With the exception of the pictures, write out the data below precisely.

**Available data**
◆ ◆ ◆ ◆

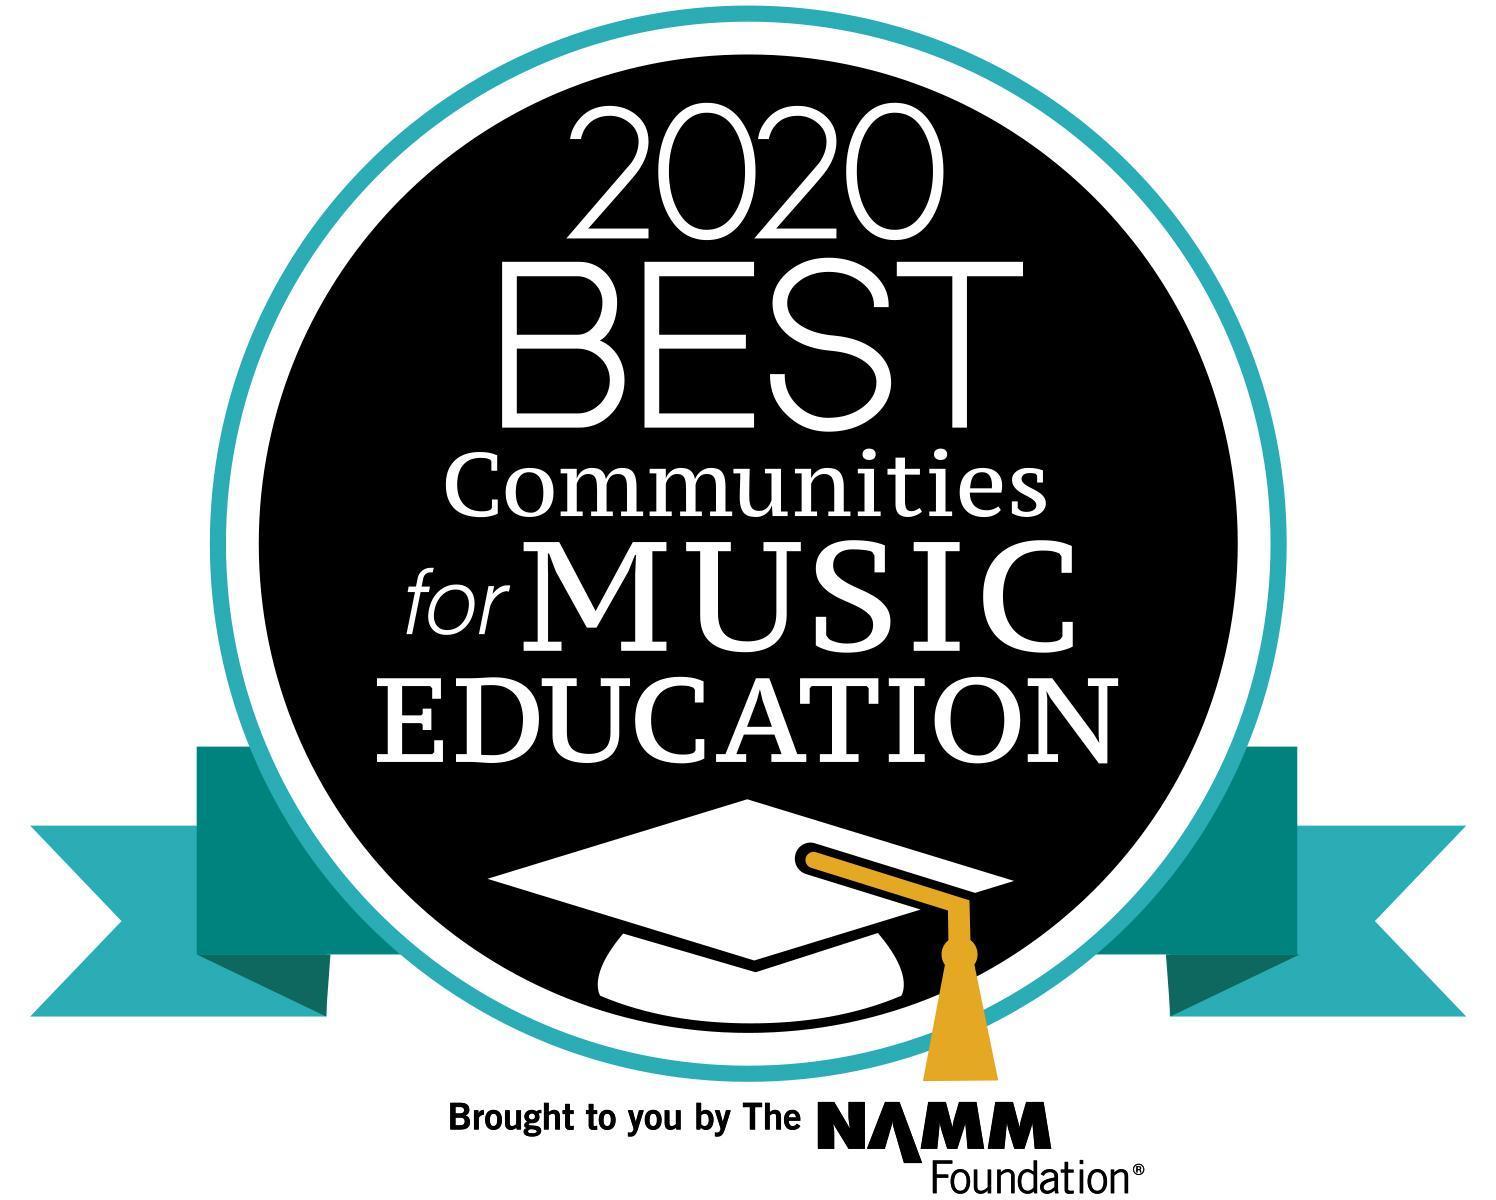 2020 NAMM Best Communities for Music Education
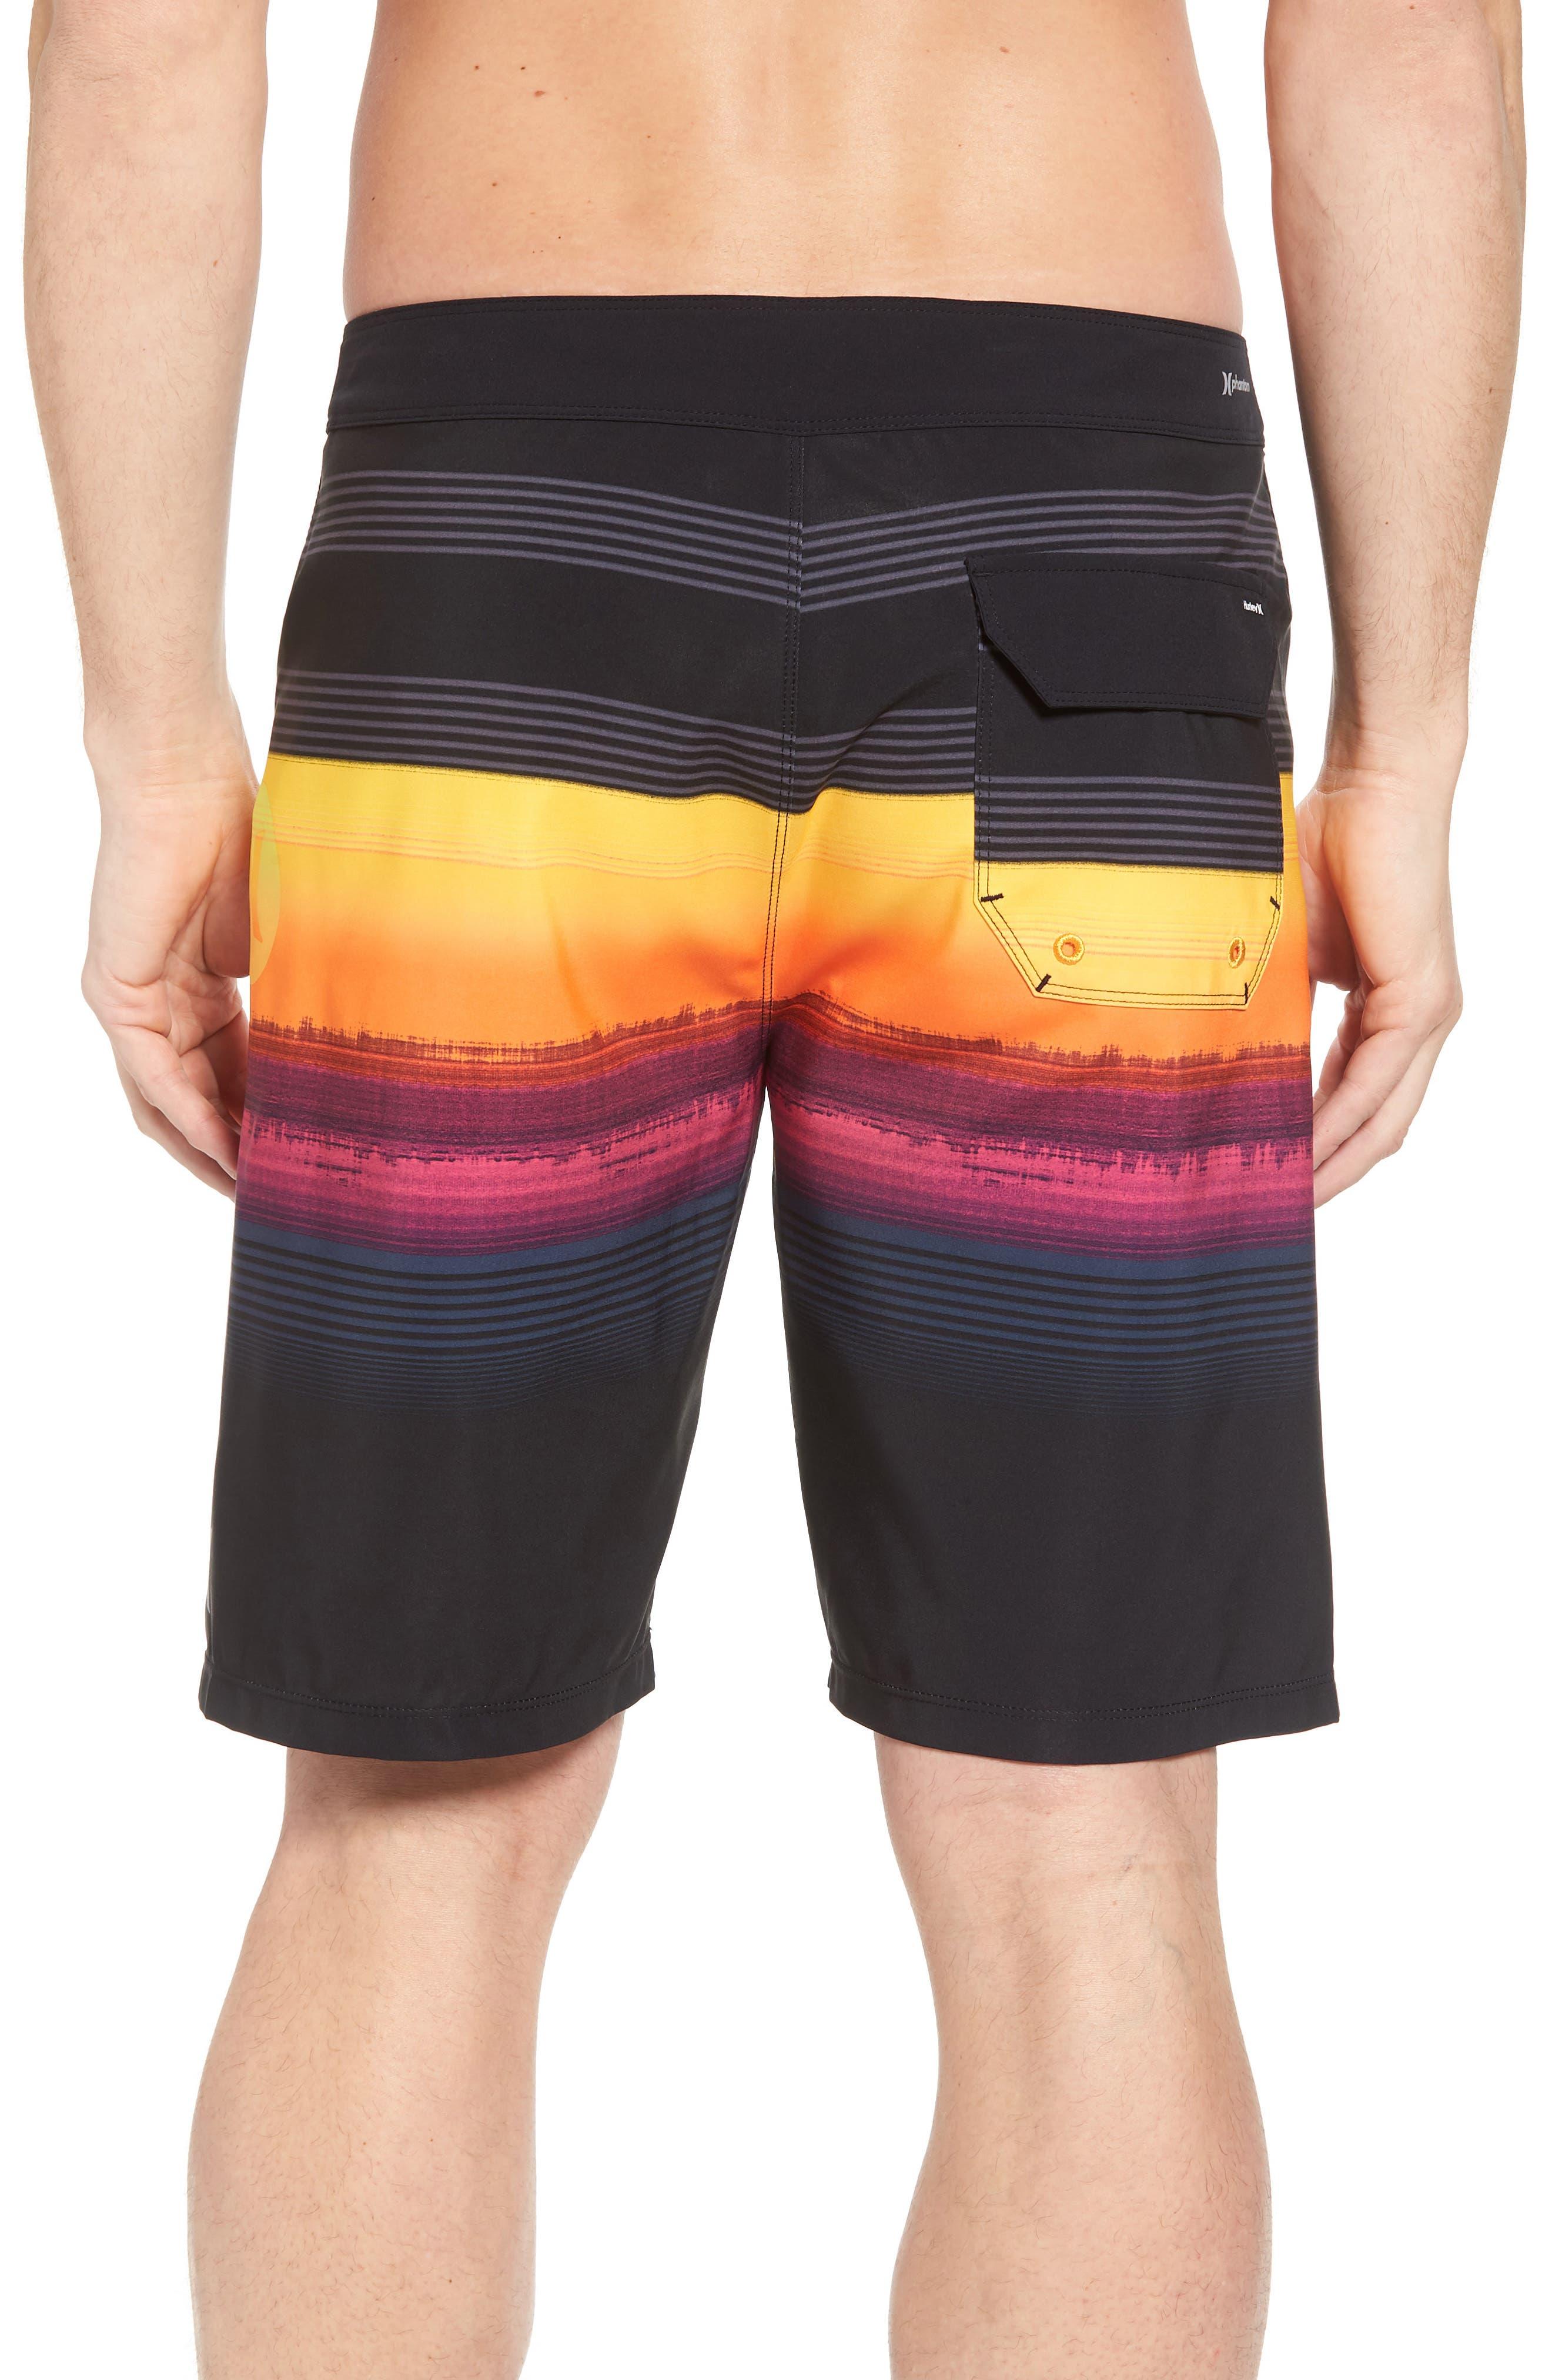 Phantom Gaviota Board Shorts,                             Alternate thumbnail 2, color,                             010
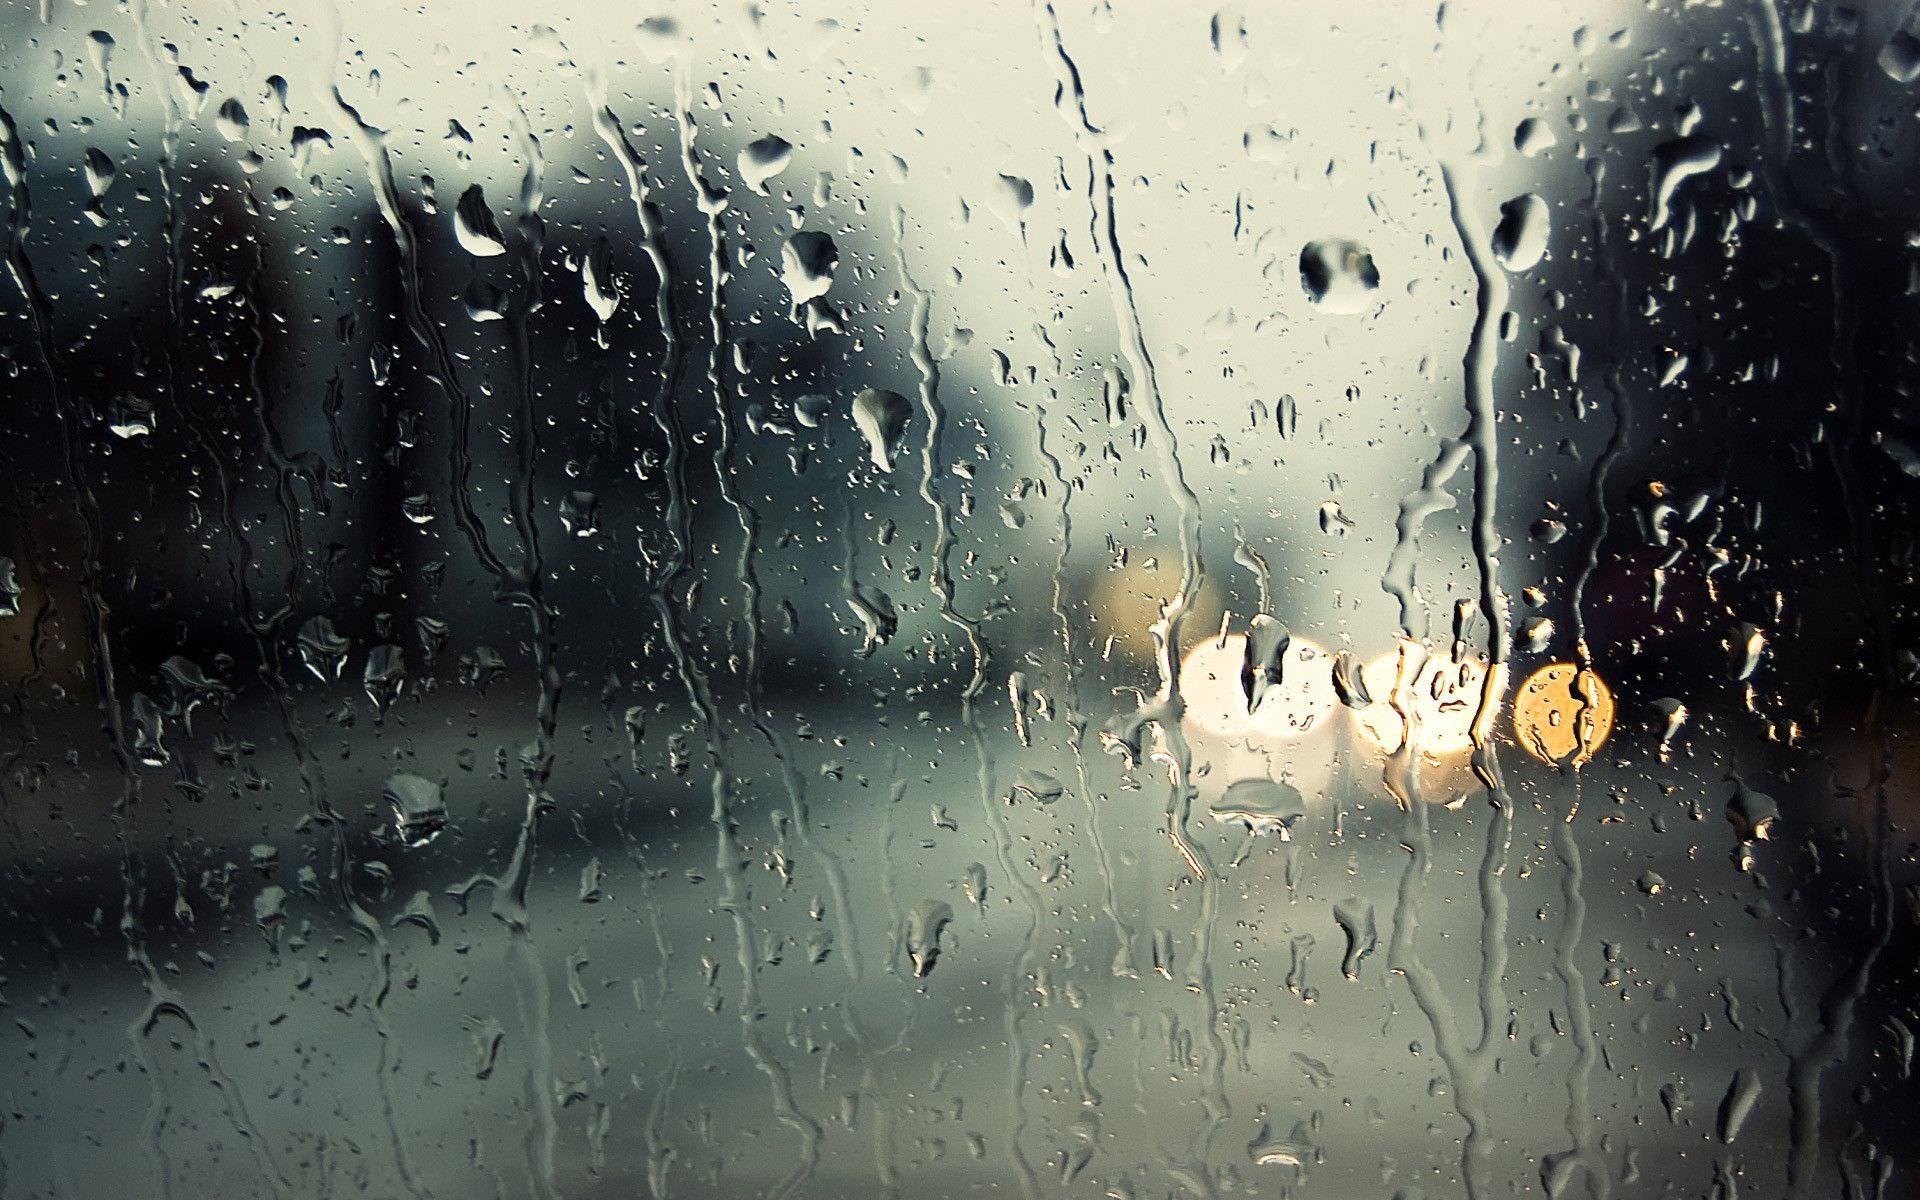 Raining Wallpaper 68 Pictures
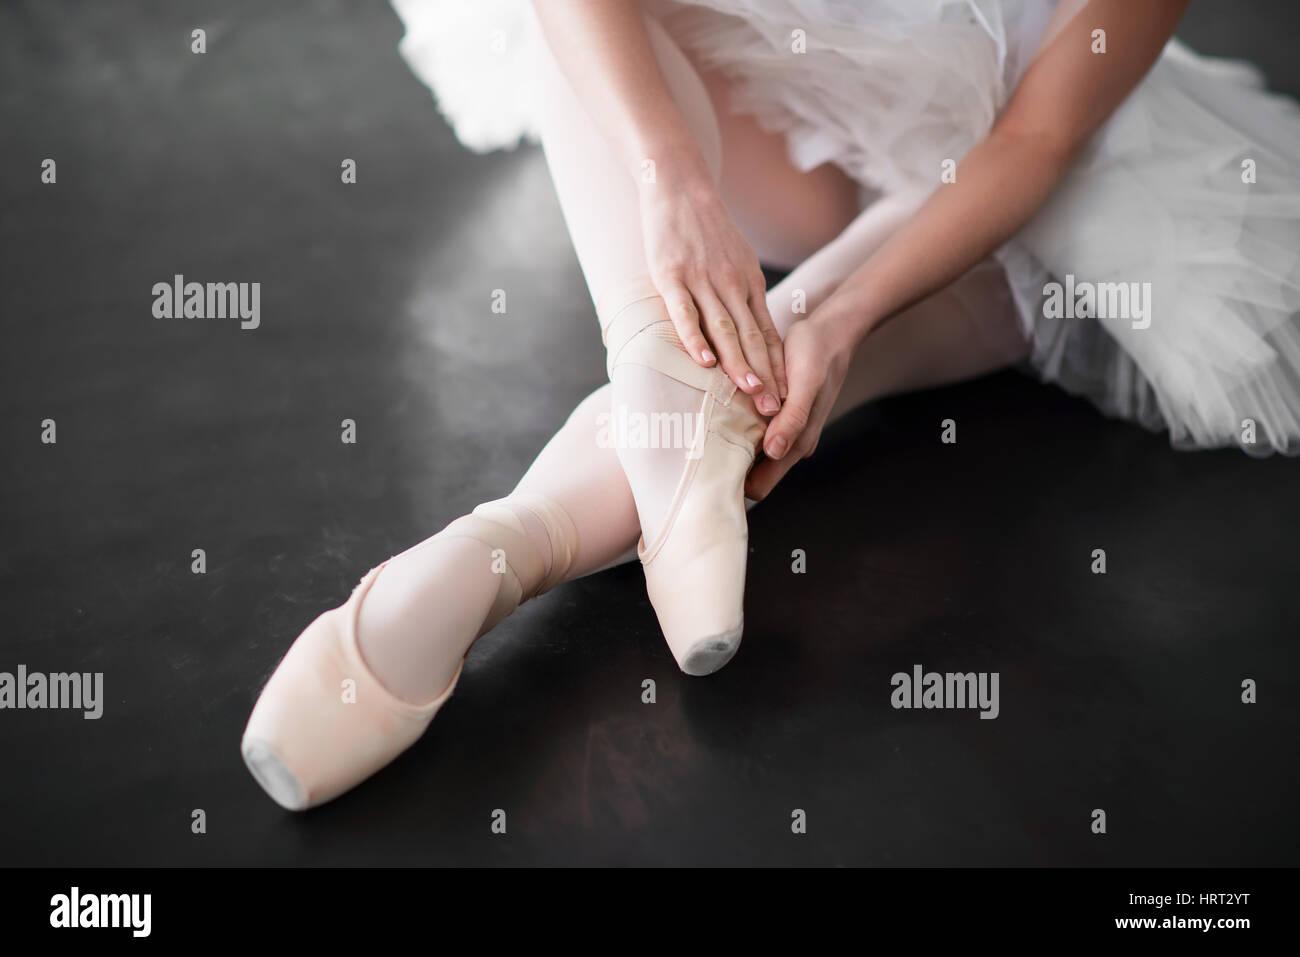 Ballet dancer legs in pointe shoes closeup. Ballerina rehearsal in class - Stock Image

◆ ◆ ◆ ◆

**Problem solution**
 2020 NAMM Best Communities for Music Education
 Phantom Gaviota Board Shorts,                             Alternate thumbnail 2, color,                             010
 Raining Wallpaper 68 Pictures
 Ballet dancer legs in pointe shoes closeup. Ballerina rehearsal in class - Stock Image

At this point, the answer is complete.